Londra Meydan Sofrası Restaurant’ın ortağı Orhan Kibaroğulları, İngiltere de bulunan Türk Mutfağı ve restaurantçılığı hakkında çarpıcı açıklamalarda bulundu. Kibaroğullarına göre İngiltere’de yükselişte gibi görünen ‘Türk Mutfağı’nı zor güner bekliyor.
Restaurant işine çocuk yaşta başlayan İstanbul ve Londra da ünlü restaurantlarda bütün görevlerde çalışan, Londra Meydan Sofrası Restaurant’ın ortağı Orhan Kibaroğulları, İngiltere de bulunan Türk Mutfağı ve restaurantçılığı hakkında çarpıcı açıklamalarda bulundu.

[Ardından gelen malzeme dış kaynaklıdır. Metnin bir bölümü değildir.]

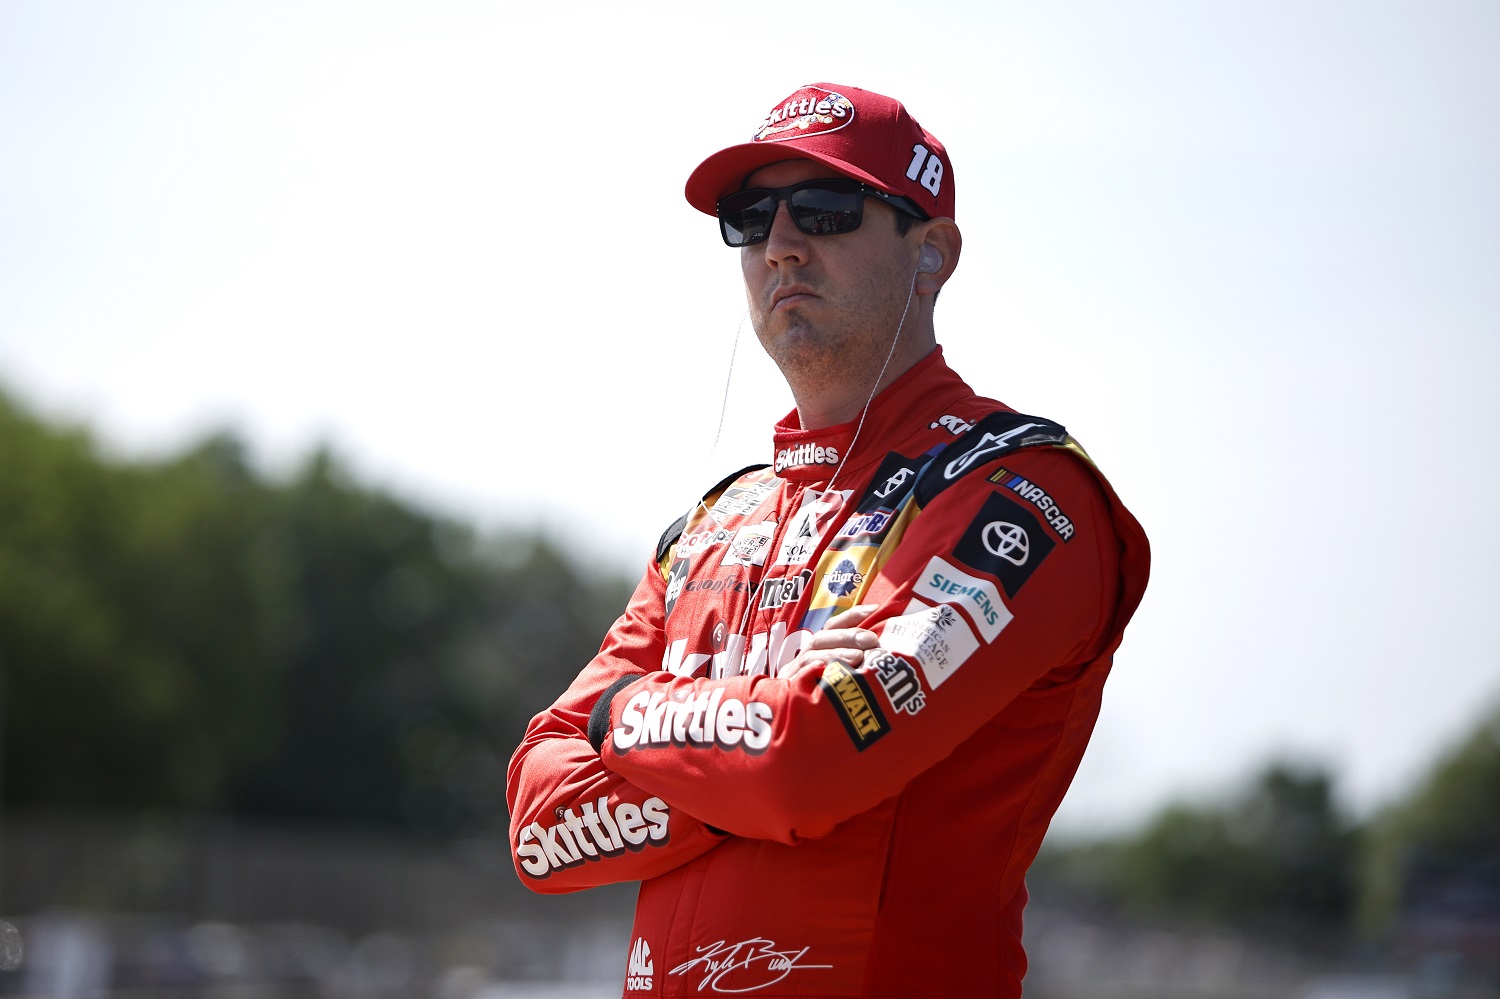 Kyle Busch looks on during practice for the NASCAR Cup Series Kwik Trip 250 at Road America on July 02, 2022, in Elkhart Lake, Wisconsin. | Sean Gardner/Getty Images
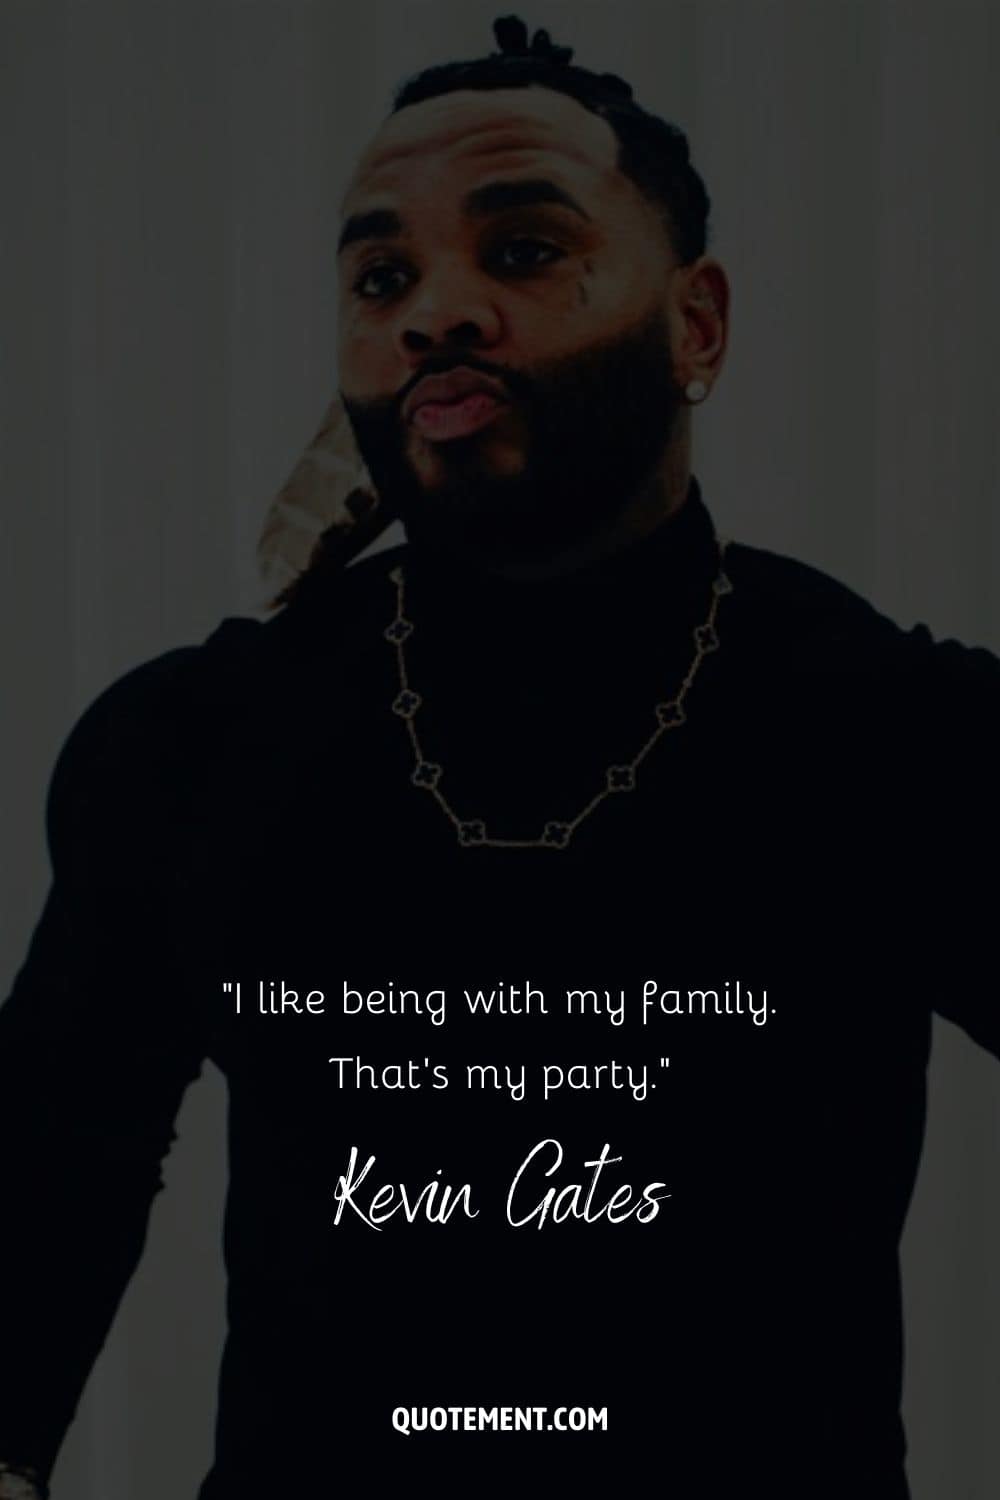 “I like being with my family. That’s my party.” – Kevin Gates

Kibaroğullarına göre İngiltere’de yükselişte gibi görünen ‘Türk Mutfağı’nı zor güner bekliyor. Orhan Kibaroğulları on yaşında restaurant sektörüne girmiş, mutfak, bulaşık, hazırlık, ocak, komilik, garsonluk ve menajerlik dahil bir restauranta bulunan tüm bölümlerde görev yapmış. Restaurantçılık mesleğine çekirdekten giren Orhan Kibaroğulları’nı 2004 yılında Londra’da bulunan tanınmış bir restaurantlar zinciri, çalışma vizesi alarak transfer etmiş.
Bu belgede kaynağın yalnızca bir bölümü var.